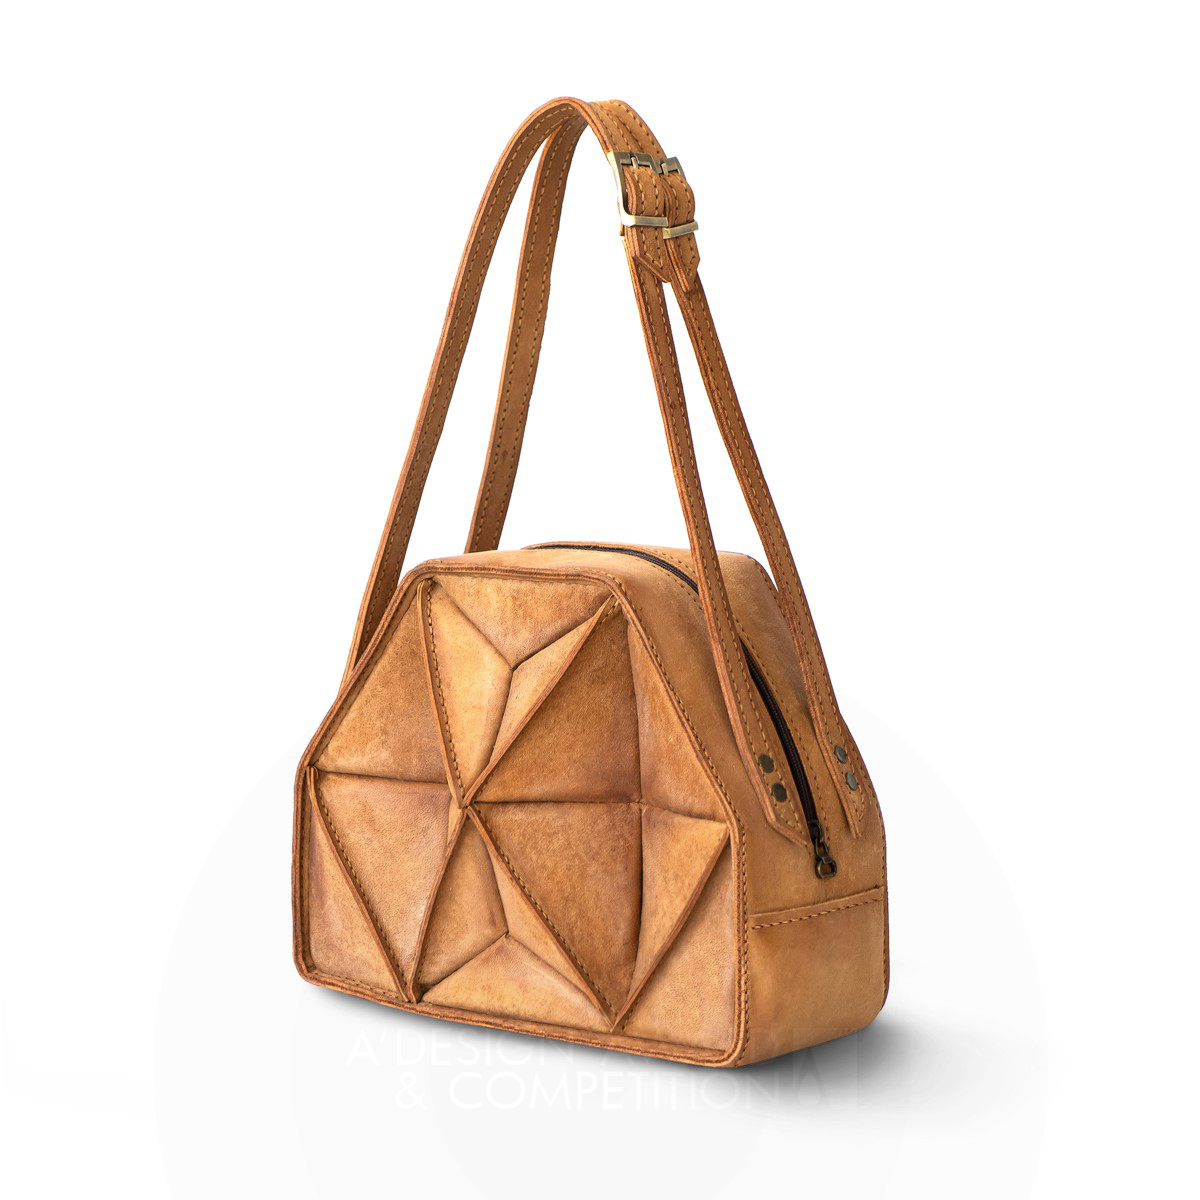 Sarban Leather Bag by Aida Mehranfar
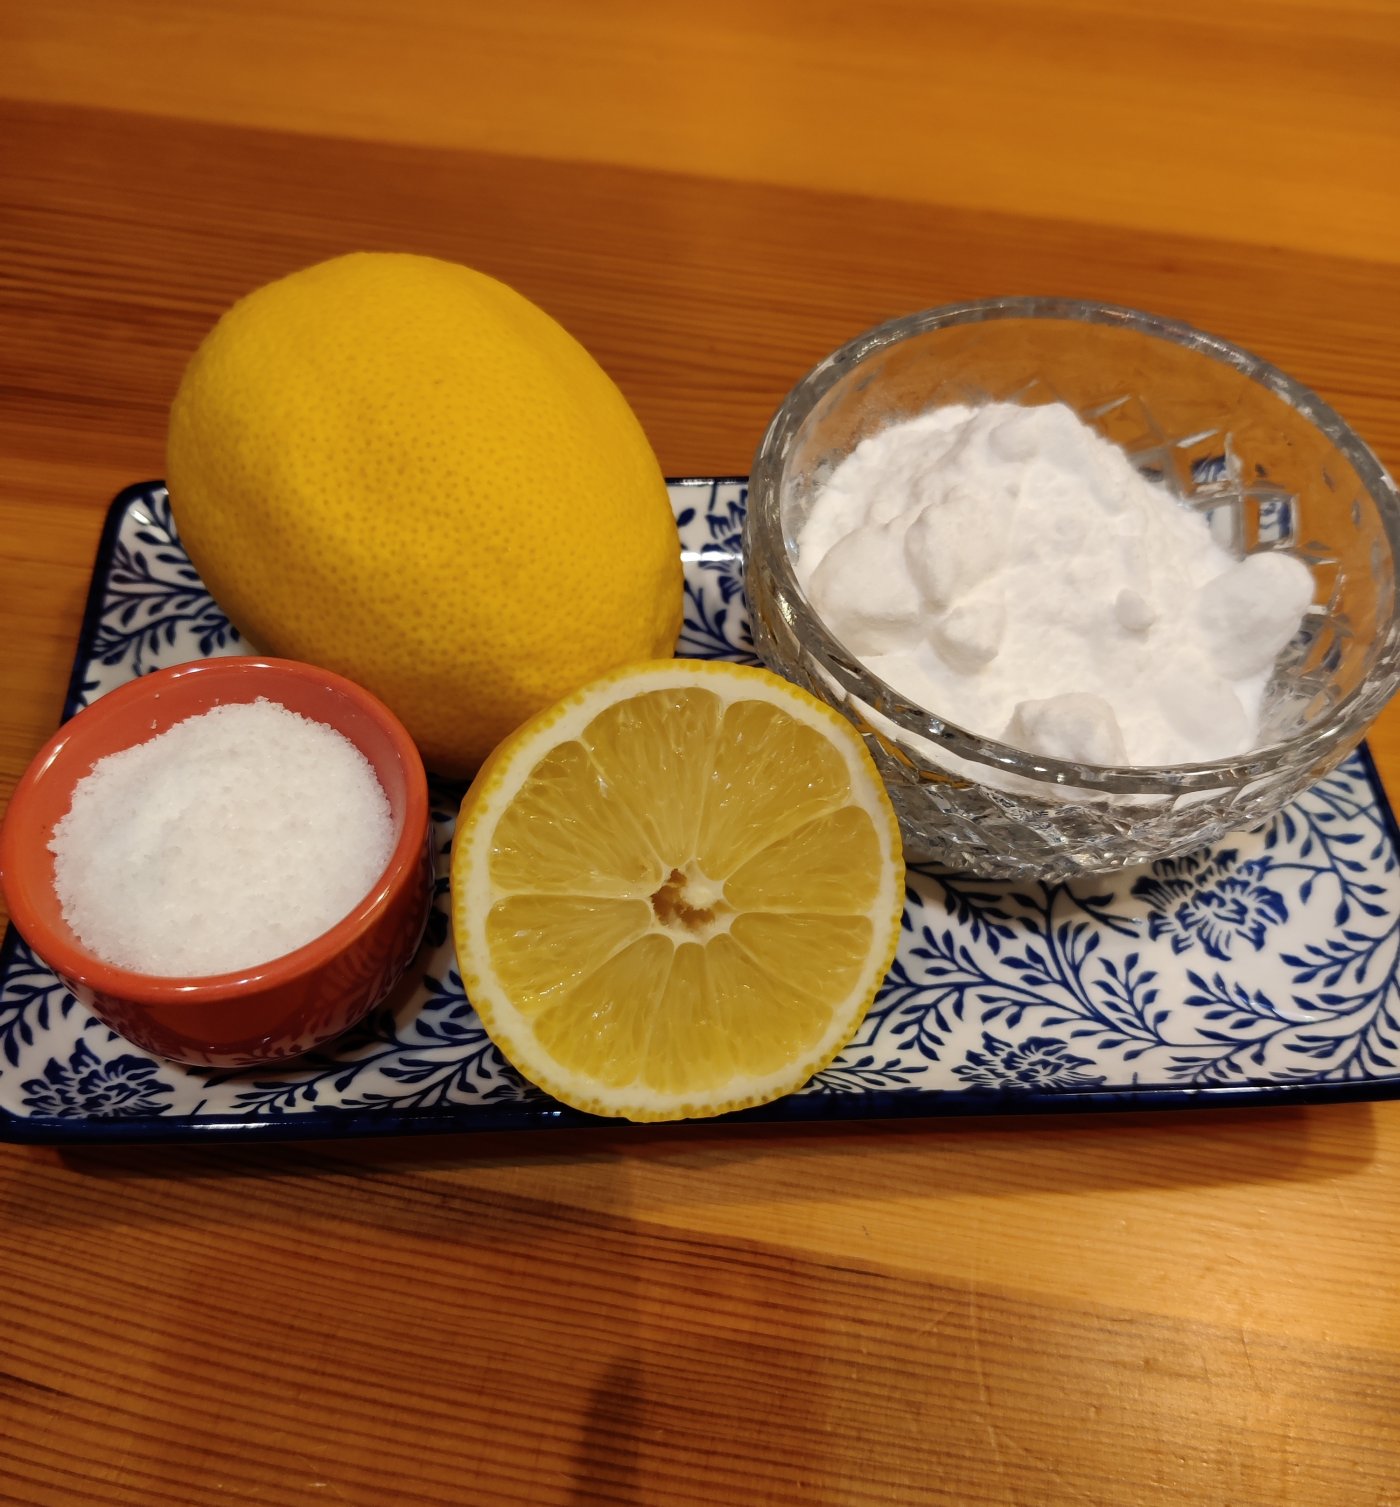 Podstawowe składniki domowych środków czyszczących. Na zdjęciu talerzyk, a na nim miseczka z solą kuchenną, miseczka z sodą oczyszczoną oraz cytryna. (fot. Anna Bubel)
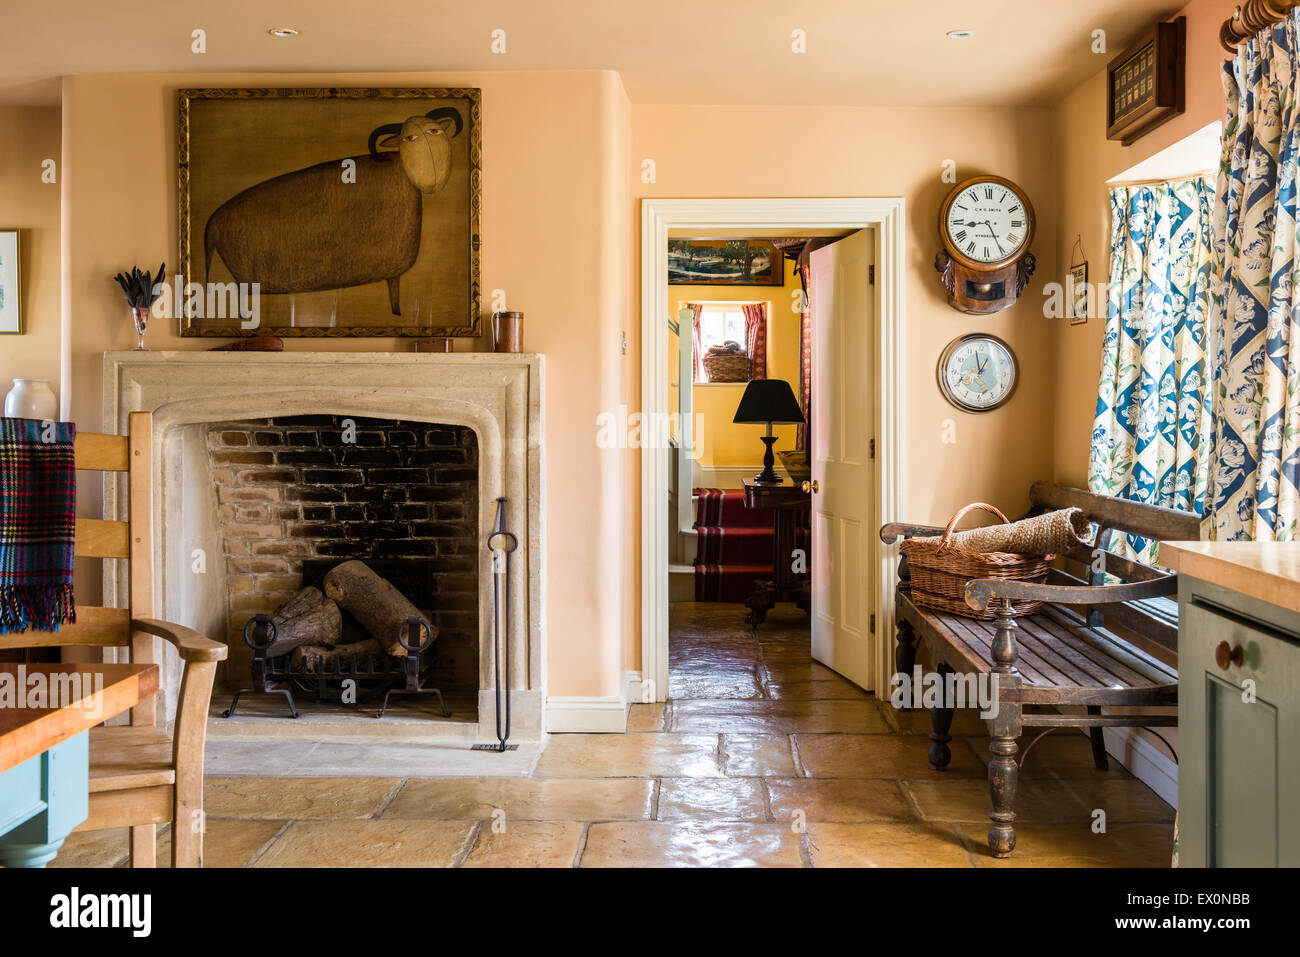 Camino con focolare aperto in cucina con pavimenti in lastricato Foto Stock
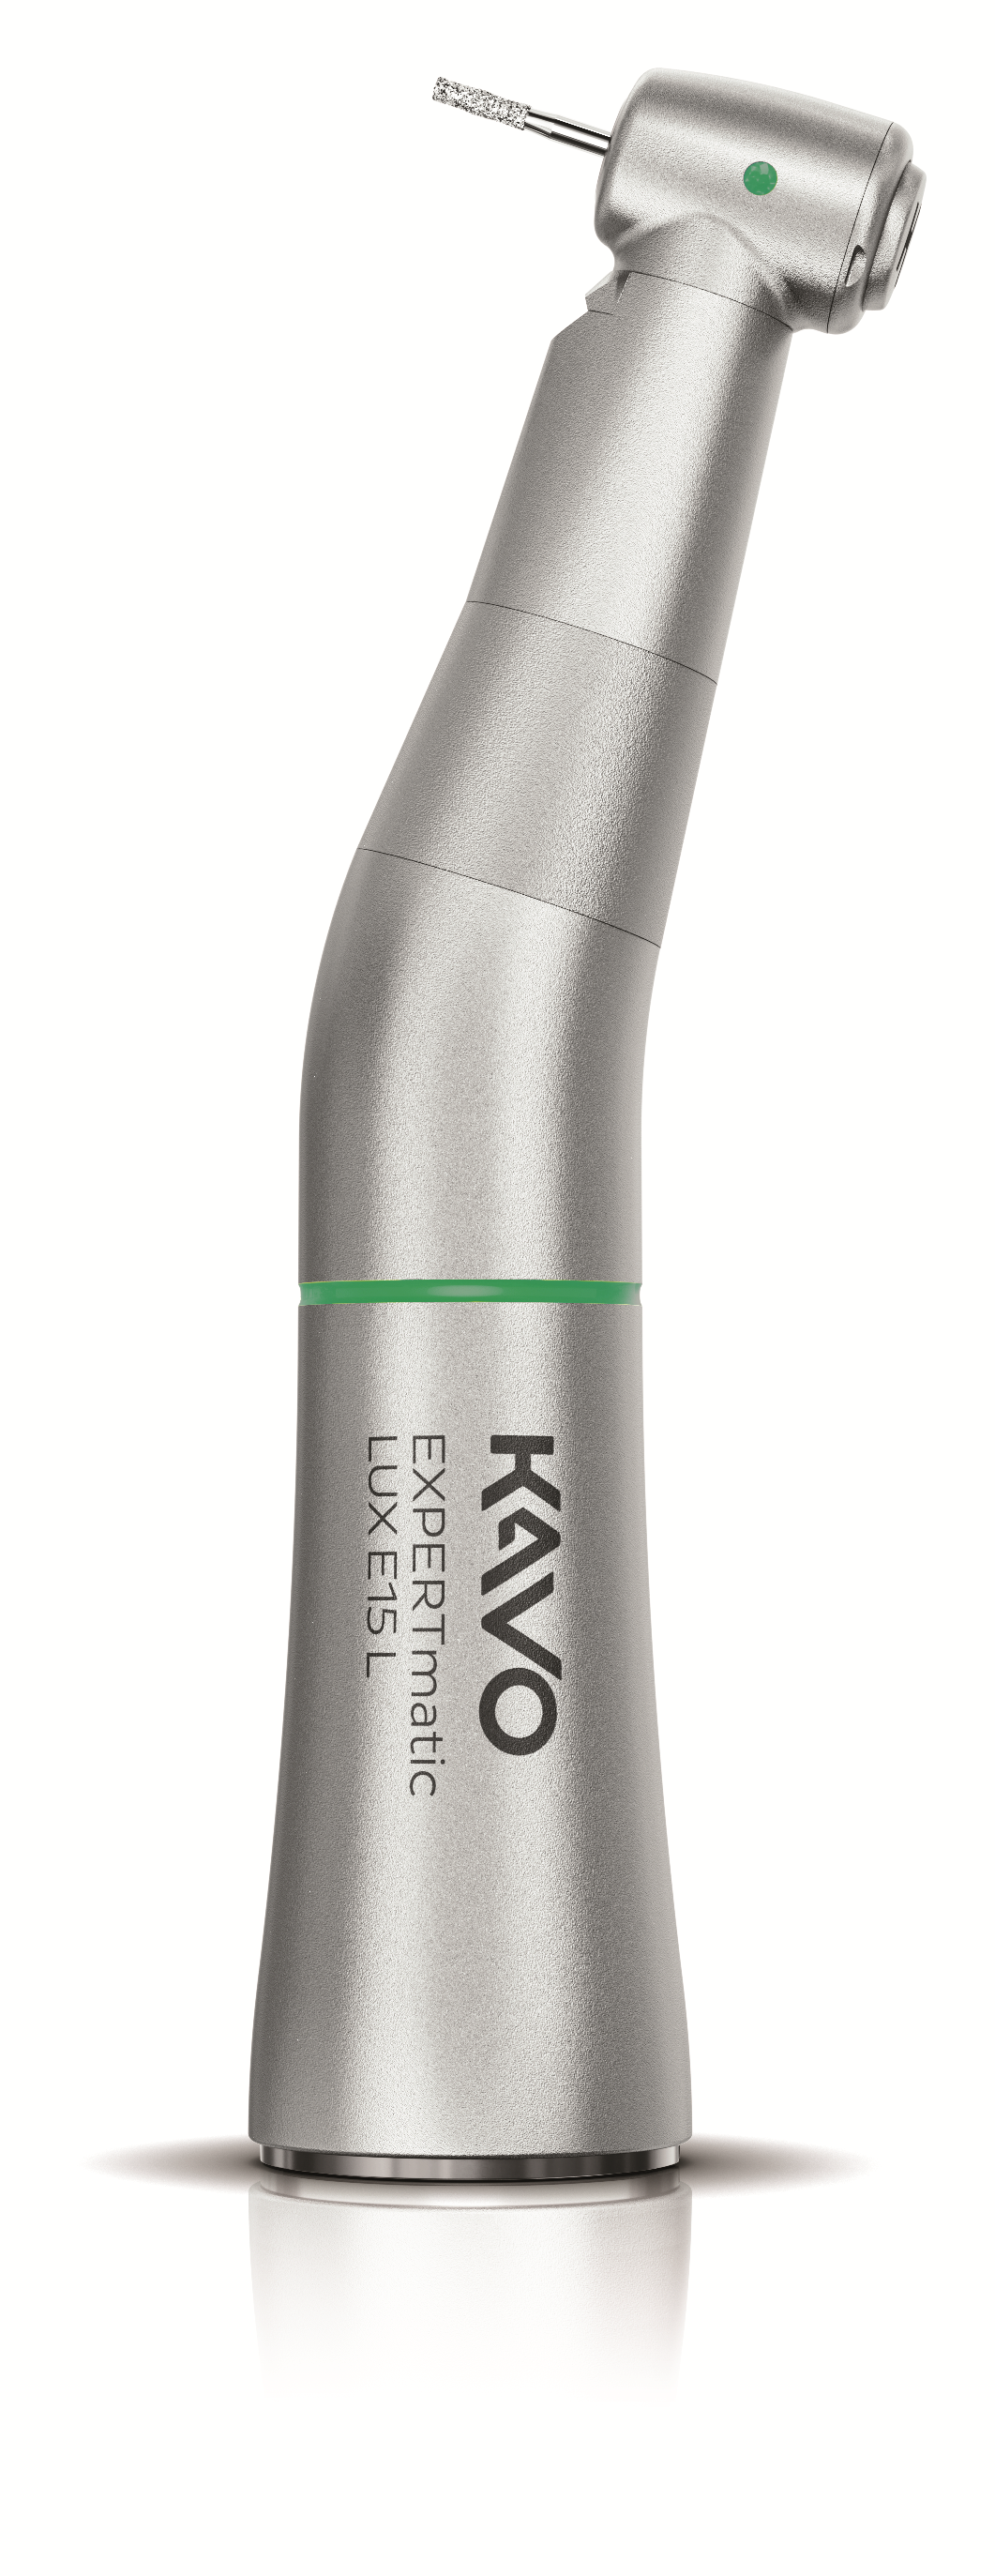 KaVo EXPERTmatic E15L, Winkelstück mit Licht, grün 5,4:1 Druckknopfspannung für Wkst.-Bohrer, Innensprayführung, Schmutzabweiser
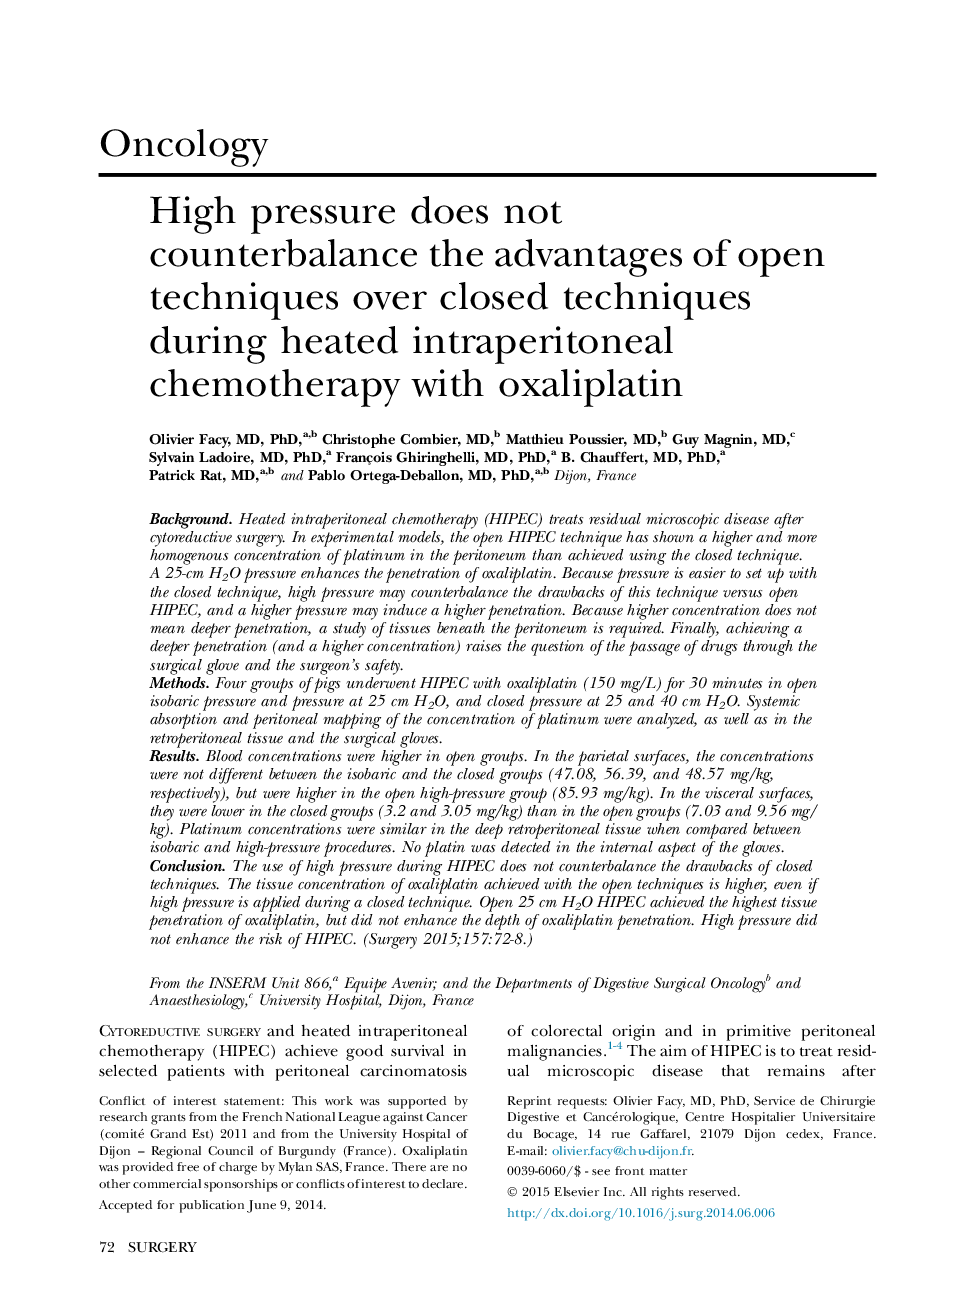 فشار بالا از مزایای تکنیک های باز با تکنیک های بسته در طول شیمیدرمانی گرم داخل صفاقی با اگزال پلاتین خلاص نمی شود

## Exercise directions
Leaving out any pictures, write the records above out exactly as they are.

## Written answer
 Sarban Leather Bag by Aida Mehranfar
 Podstawowe składniki domowych środków czyszczących. Na zdjęciu talerzyk, a na nim miseczka z solą kuchenną, miseczka z sodą oczyszczoną oraz cytryna. (fot. Anna Bubel)
 Camino con focolare aperto in cucina con pavimenti in lastricato Foto Stock
 KaVo EXPERTmatic E15L, Winkelstück mit Licht, grün 5,4:1 Druckknopfspannung für Wkst.-Bohrer, Innensprayführung, Schmutzabweiser
 فشار بالا از مزایای تکنیک های باز با تکنیک های بسته در طول شیمیدرمانی گرم داخل صفاقی با اگزال پلاتین خلاص نمی شود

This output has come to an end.